Unnamed: 0,Launch_Year,Launch_Month,Launch_Day
0,2015,8,11
1,2017,9,2
2,2013,1,12
3,2012,3,17
4,2015,7,4


In [9]:
df_temp_d.head()

Unnamed: 0,crowdfounding_period
0,58
1,59
2,44
3,29
4,55


In [10]:
df_kickstarter = pd.concat([df_ks, df_temp_launched], axis = 1)
df_kickstarter = pd.concat([df_kickstarter, df_temp_deadline], axis = 1)
df_kickstarter = pd.concat([df_kickstarter, df_temp_d], axis = 1)
df_kickstarter.head()

Unnamed: 0,ID,name,category,main_category,currency,deadline,goal,launched,pledged,state,...,usd pledged,usd_pledged_real,usd_goal_real,Launch_Year,Launch_Month,Launch_Day,Deadline_Year,MDeadline_Month,Deadline_Day,crowdfounding_period
0,1000002330,The Songs of Adelaide & Abullah,Poetry,Publishing,GBP,2015-10-09,1000.0,2015-08-11 12:12:28,0.0,failed,...,0.0,0.0,1533.95,2015,8,11,2015,10,9,58
1,1000003930,Greeting From Earth: ZGAC Arts Capsule For ET,Narrative Film,Film & Video,USD,2017-11-01,30000.0,2017-09-02 04:43:57,2421.0,failed,...,100.0,2421.0,30000.0,2017,9,2,2017,11,1,59
2,1000004038,Where is Hank?,Narrative Film,Film & Video,USD,2013-02-26,45000.0,2013-01-12 00:20:50,220.0,failed,...,220.0,220.0,45000.0,2013,1,12,2013,2,26,44
3,1000007540,ToshiCapital Rekordz Needs Help to Complete Album,Music,Music,USD,2012-04-16,5000.0,2012-03-17 03:24:11,1.0,failed,...,1.0,1.0,5000.0,2012,3,17,2012,4,16,29
4,1000011046,Community Film Project: The Art of Neighborhoo...,Film & Video,Film & Video,USD,2015-08-29,19500.0,2015-07-04 08:35:03,1283.0,canceled,...,1283.0,1283.0,19500.0,2015,7,4,2015,8,29,55


## Data Dump 

In [11]:
from tempfile import mkdtemp
import os

os.mkdir('Kickstarter_Dataframe')
savedir = 'Kickstarter_Dataframe'

In [12]:
filename = os.path.join(savedir, 'Kikstarter_Backup_File')

with open(filename,'wb') as r:
    joblib.dump(df_kickstarter , r)

## Conclusion of Notebook 01

>One of the main problems of our dataframe is its size and we have decided to use the function dumps in order to have the possibility to manage it better.
We proceeded by creating the folder in which we want to save the compressed database file; we are forced to use this type of approach because the computation times of our database could not make us work efficiently.
In order to save the file we have to use Joblib library to save it into a directory called `'Kickstarter_Dataframe'` and we create a file called `Kikstarter_Backup_File` to save our dataframe.
We use "wb" because it is a binary file.

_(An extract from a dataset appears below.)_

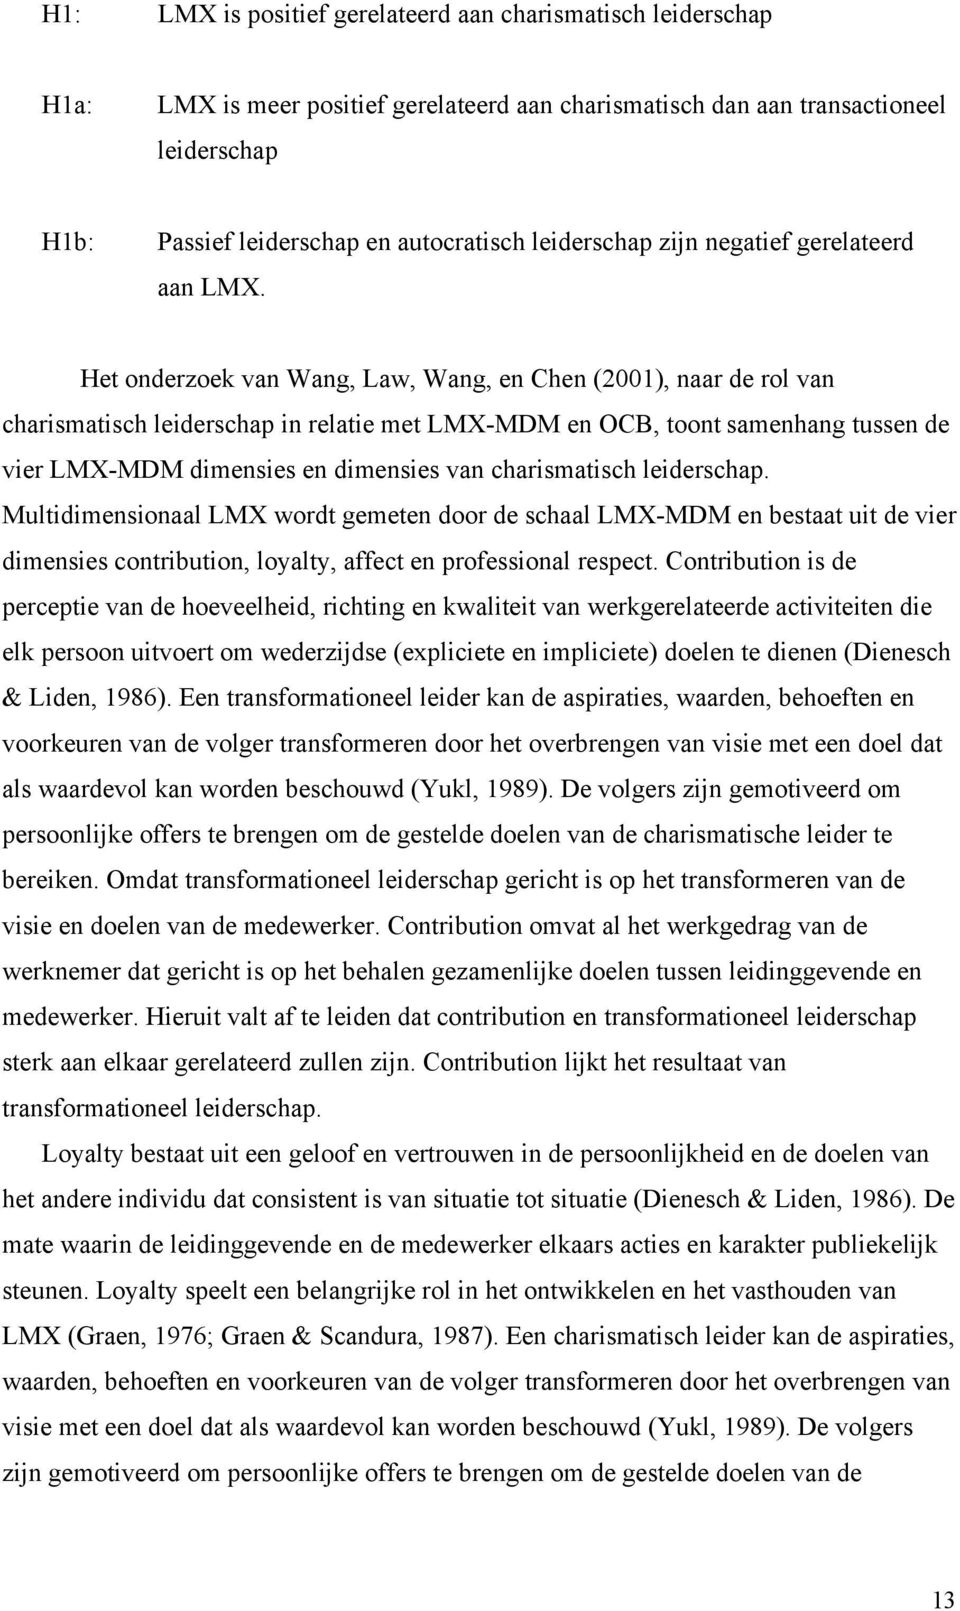 Het onderzoek van Wang, Law, Wang, en Chen (2001), naar de rol van charismatisch leiderschap in relatie met LMX-MDM en OCB, toont samenhang tussen de vier LMX-MDM dimensies en dimensies van

If we open the file, we can't read it bacause it has a different way of reading than a normal file in fact for this reason, we have to load it with joblib.
Then we can open a new Notebook and test if the dump of the binary file went fine, and we can keep working on our project.
We adopted this way of operating for all the next Notebooks becausee it's more efficient and save us lots of time and we can parallelize our work.